You cannot help the poor man by destroying the rich.
You cannot keep out of trouble by spending more than your income.
You cannot further brotherhood of men by inciting class hatred.
You cannot establish security on borrowed money.
You cannot build character and courage by taking away man's initiative and independence.
You cannot help men permanently by doing for them what they could and should do for themselves."

Also "they" is not spelled "thay" you silly twit.


----------



## This_person

nhboy said:


> _Link_
> 
> 
> "Non-Lincoln "You Cannot" Quotation
> 
> These sentiments were created by the Rev. William J. H. Boetcker, who lectured around the United States about industrial relations at the turn of the twentieth century. _There is no evidence linking them to Lincoln as the author._
> 
> At one time President Ronald Reagan used them in a speech, wrongly attributing them to Lincoln. Those who are familiar with Lincoln's writings recognize that these statements do not reflect Lincoln's "voice," nor can they be found in any authentic Lincoln literature.
> 
> You cannot bring prosperity by discouraging thrift.
> You cannot help small men by tearing down big men.
> You cannot strengthen the weak by weakening the strong.
> You cannot lift the wage earner by pulling down the wage payer.
> You cannot help the poor man by destroying the rich.
> You cannot keep out of trouble by spending more than your income.
> You cannot further brotherhood of men by inciting class hatred.
> You cannot establish security on borrowed money.
> You cannot build character and courage by taking away man's initiative and independence.
> You cannot help men permanently by doing for them what they could and should do for themselves."
> 
> Also "they" is not spelled "thay" you silly twit.






I guess the sentiment must not be true because the author is mis-attributed.


----------



## Larry Gude

Lincoln is, arguably and ironically so, the author of the end of America as the land envisioned by the founders.


----------



## Agee

Larry Gude said:


> Lincoln is, arguably and ironically so, the author of the end of America as the land envisioned by the founders.



"End", as in the last president to truly stand for and by the doctrines and practices of our founders?


----------



## Larry Gude

Airgasm said:


> "End", as in the last president to truly stand for and by the doctrines and practices of our founders?

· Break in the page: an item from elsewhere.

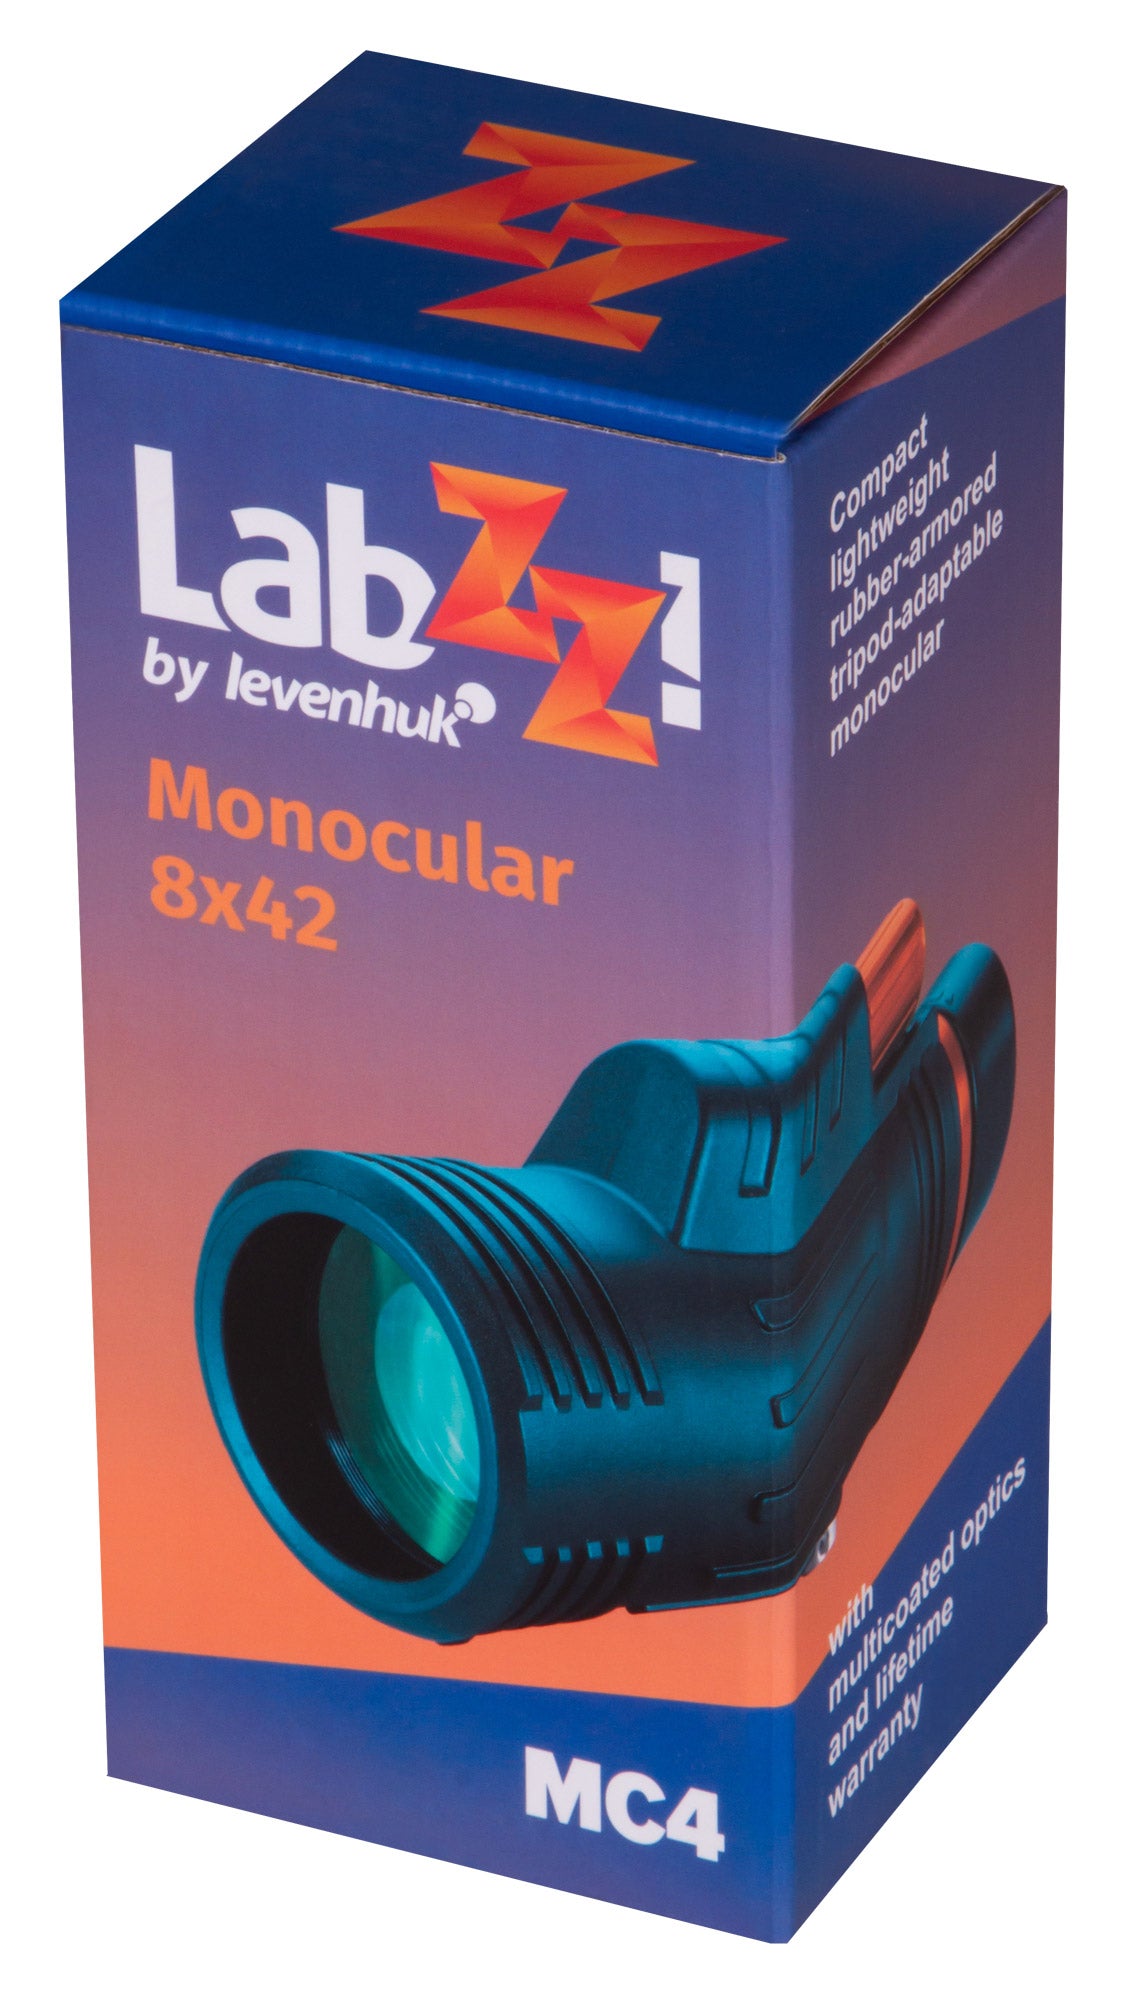 Levenhuk LabZZ MC4 Monocular

No. End as is the one who started the modern practice of taking the oath to preserve and protect the Constitution and then go about getting around it. He is the singularly figure that asserted the dominance of the central government over the states.


----------



## Agee

Larry Gude said:


> No. End as is the one who started the modern practice of taking the oath to preserve and protect the Constitution and then go about getting around it. He is the singularly figure that asserted the dominance of the central government over the states.



There's the answer to the second part of my question I meant to post. 

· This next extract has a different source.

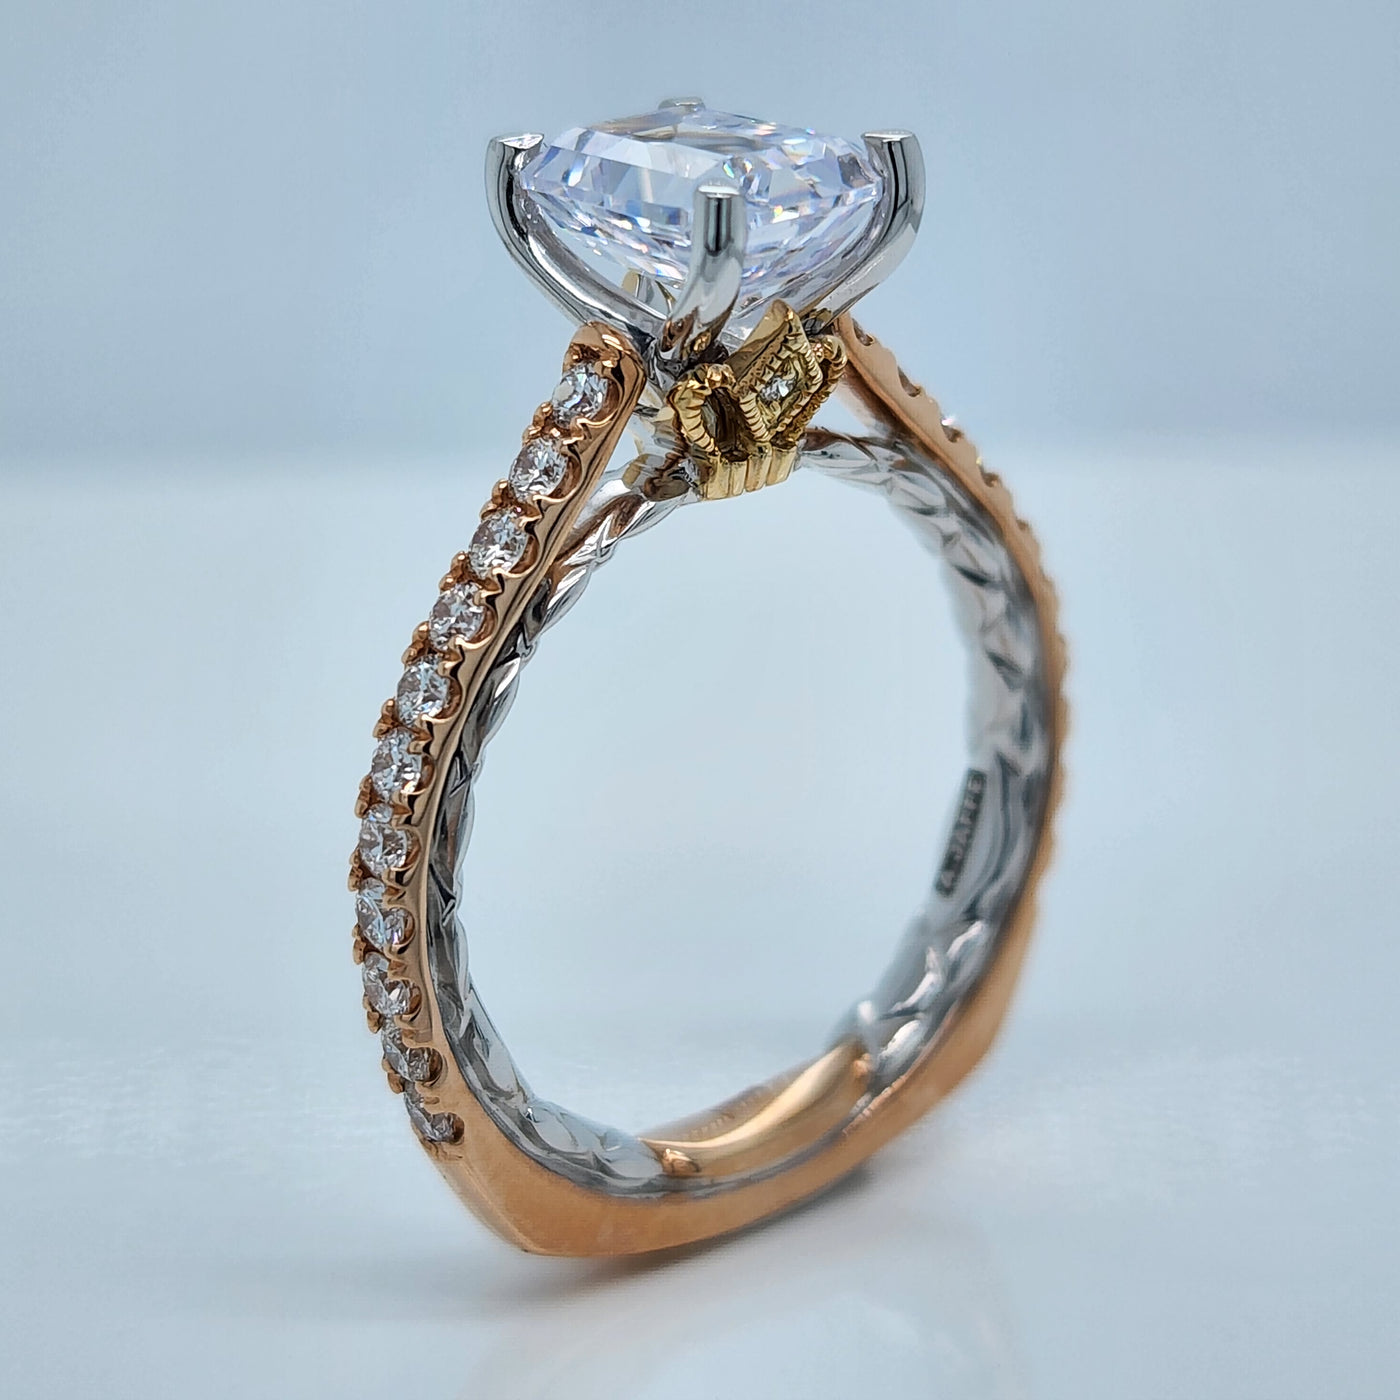 3 Tone Emerald Cut Engagement Ring With Euroshank

ie; "end" as in the first president to side-step our founders principles and set the precedent for our modern day government?...


----------



## Larry Gude

Airgasm said:


> There's the answer to the second part of my question I meant to post.
> 
> ie; "end" as in the first president to side-step our founders principles and set the precedent for our modern day government?...



Yeah but, not to quibble he didn't side step. He went to war. He asserted the federal authority as boss, lord and ruler over the states and did whatever he needed to do, every step of the way, to assert that authority. We can debate and argue over his intentions, whether they were good or not but there isn't anything to debate over what he did; he did what King George tried to do; put down rebellion.


----------



## Agee

Larry Gude said:


> Yeah but, not to quibble he didn't side step. He went to war. He asserted the federal authority as boss, lord and ruler over the states and did whatever he needed to do, every step of the way, to assert that authority. We can debate and argue over his intentions, whether they were good or not but there isn't anything to debate over what he did; he did what King George tried to do; put down rebellion.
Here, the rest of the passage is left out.